The database integrates NYC PLUTO building data with street-block-level population and property value statistics. Features are selected to support both spatial (geometry-based joins) and attribute-level queries, enabling the system to reason about proximity, density, land use, and value simultaneously. All tables are spatially indexed with PostGIS for efficient bounding-box and distance queries at building, block, and neighborhood scales.
Project Structure
Data Flowchart
Once the user query is submitted, it is added with the system instruction to acquire appropriate information
to be able to generate SQL for query. Eventually, once the data is extracted from database, it is sent back
to frontend with statistically analysis summary and explanation.
LLM Query Pipeline
The core technical challenge is converting loosely structured natural language — "find street blocks near Central Park with high-rise buildings built after 2000" — into syntactically valid, semantically correct PostGIS SQL. GeoEstateChat uses a structured system prompt that encodes the full database schema, available spatial operations, column semantics, and expected output format. The LLM acts as a query planner: it selects tables, infers join conditions, and constructs spatial predicates. The resulting SQL is executed unchanged against the PostGIS backend, ensuring all results are deterministic and data-sourced.
1
User Query
Plain language question submitted via the chat interface
→
2
Prompt Assembly
Query combined with system prompt, column semantics, and spatial constraints
→
3
LLM Inference
Model generates structured SQL with appropriate spatial joins and filters
→
4
PostGIS Execution
SQL executed deterministically against the geospatial database
→
5
Response
Results returned with statistical summary and plain-language explanation
System Demonstration
Mode: Analyze
Mode: Search
Mode: Compare
Project Demonstration
Technical Stack
| Frontend | Vanilla JavaScript · MapLibre GL · Canvas API |
| Backend | FastAPI · Uvicorn · Python 3 |
| Database | PostgreSQL · PostGIS · Spatial indexing (GIST) |
| LLM Integration | OpenAI API · Structured system prompt · SQL generation pipeline |
| Geospatial | GeoPandas · Shapely · PostGIS functions (ST_Within, ST_Distance, ST_DWithin) |
| Data Sources | NYC PLUTO · Street-block statistics · Neighborhood polygon boundaries |
Design Principles
Three principles distinguish GeoEstateChat from both GIS tools and consumer real-estate platforms.

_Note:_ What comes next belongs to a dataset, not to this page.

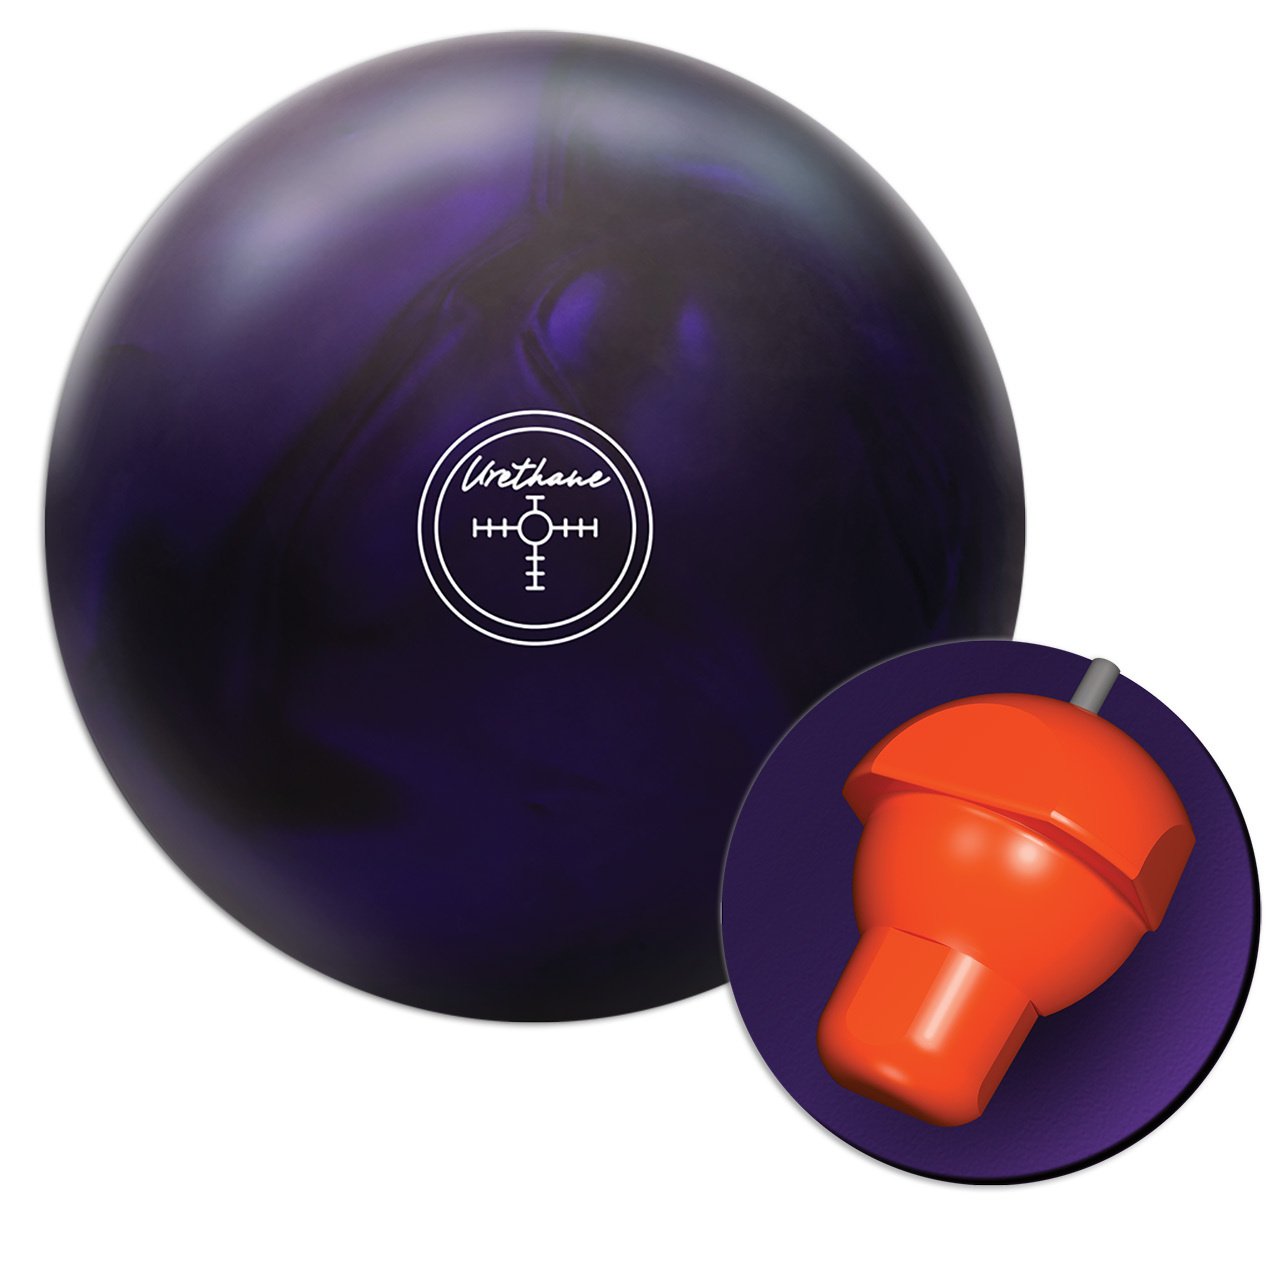 Hammer Purple Pearl Hammer Urethane | BowlingShopEurope

LLM as Translator, Not Oracle
The LLM never invents facts about the city. It translates intent into SQL, and the database provides ground truth. This preserves analytical rigor while enabling natural interaction with no GIS expertise required.
Deterministic Backend
All results originate from SQL executed against real data. The same query returns the same answer regardless of LLM non-determinism at the natural-language level. Results are auditable and reproducible.
Spatial Transparency
The generated SQL is surfaced alongside results, allowing users and researchers to inspect the spatial logic applied, understand filter conditions, and verify how conclusions were reached.